The T2091 is part of the completed tax return, and it has an area for signature & date, but of course so does page 4 of the tax return and it doesn't get signed and sent in anymore when Netfiling either.
When I search CRA and Turbotax resources I can't find anything definitive about needing to send the T2091 seperately. We haven't sent it in (yet) for the return I referred to, but he NOA will be available to me on-line tomorrow and I'll see if it says anything on it.


----------



## OptsyEagle (Nov 29, 2009)

If it doesn't print out for paper returns, I assume it doesn't netfile either. Perhaps I am wrong, but I doubt it. Try to print out a copy of the tax return in pdf and see if you can find it. My bet is you won't, but let us know if I am wrong.


----------



## OnlyMyOpinion (Sep 1, 2013)

OptsyEagle said:


> If it doesn't print out for paper returns, I assume it doesn't netfile either. Perhaps I am wrong, but I doubt it. Try to print out a copy of the tax return in pdf and see if you can find it. My bet is you won't, but let us know if I am wrong.

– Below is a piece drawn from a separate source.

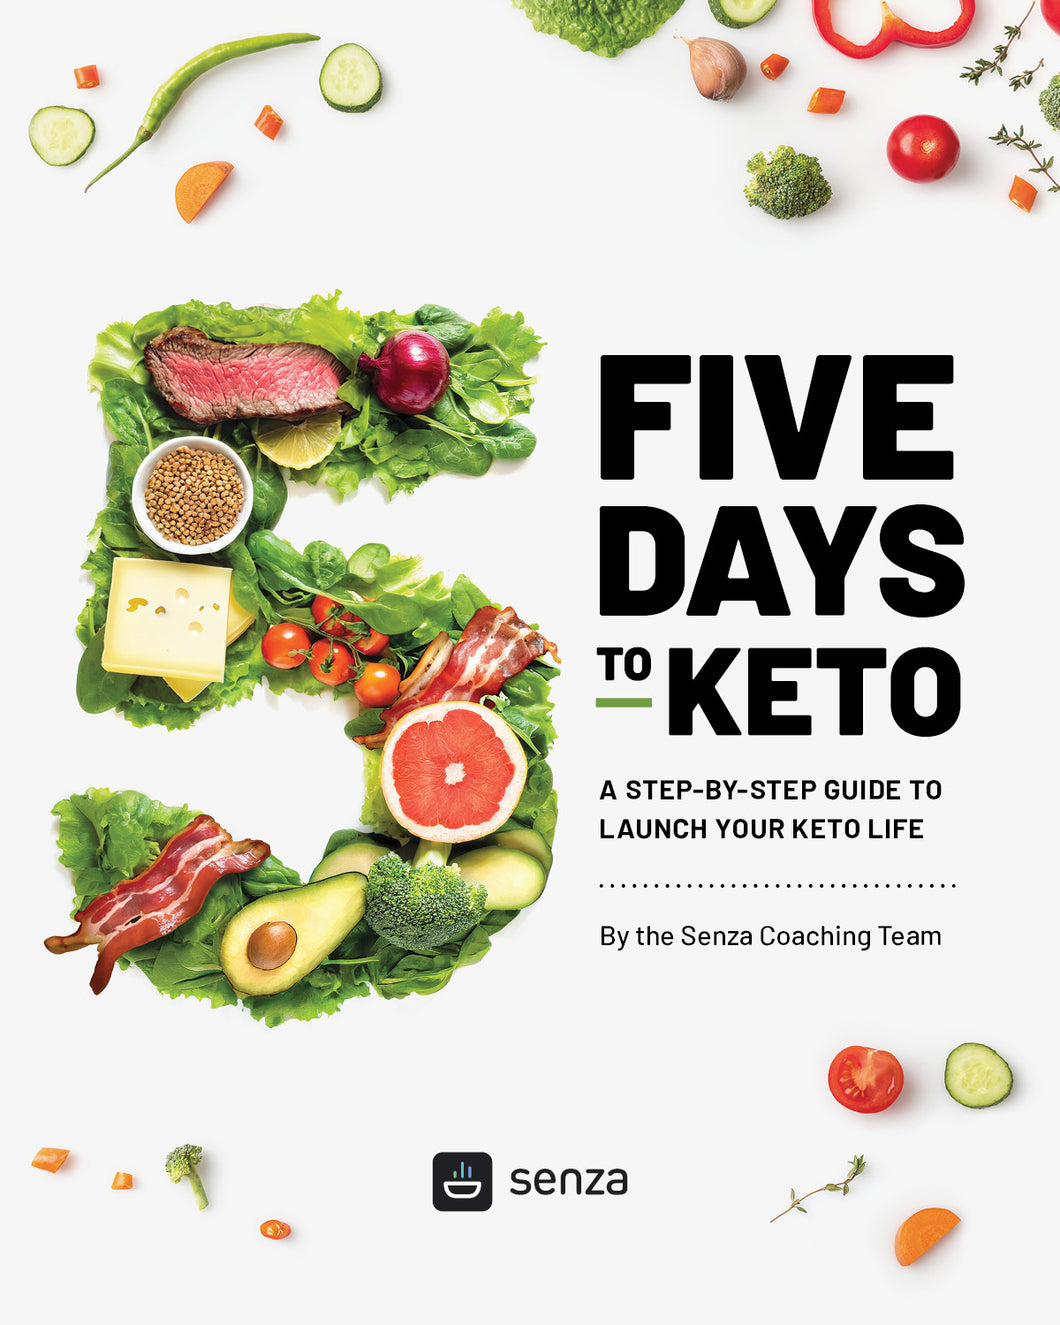 Five Days to Keto Guide

The T2091 form and Principal residence work sheets (PRWS) do print out in the saved pdf copy. 
With TurboTax, during the process of Netfilng it asks if you want to save the return and if you want to save a pdf copy (or print). Before you print a window pops up saying 'you have unused forms open, do you want to close them before printing', I always say 'yes', then it prints out the return and all schedules with a large letter notation across each sheet 'Duplicate do not send by mail'. The T2091 and PRWS are among them.

CRA My Account says the refund will be deposited tomorrow and the NOA posted. I'll provide an update later tomorrow as to whether the NOA says anything.

Incidently, the other tax return I noted earlier where the house has 100% capital gains prints out a return with no T2091, and a PRWS that is essentially blank except for 'is disposition as a consequence of death' (X no), and 'are you electing out of the automatic rollover on disposition to a spouse (X no). 
But Area 4 of Schedule 3 is completed showing the gain (more like 'pain') so the CRA will be getting their pound of flesh and should be happy.

Makes me glad we unloaded our RE holdings. Simple gets better with age.


----------



## OptsyEagle (Nov 29, 2009)

Maybe it is just a studiotax issue. T2091 does not print out on the long copy or the short form copy that goes to CRA. It needs to be printed separately. I assumed that it won't netfile either but who knows. Better they get them twice then not at all.

I did think it was enormously stupid of the tax software preparers to have it filled out like all other forms on a tax return, but not to have it print out with them, without any warning or information pertaining to the issue.


----------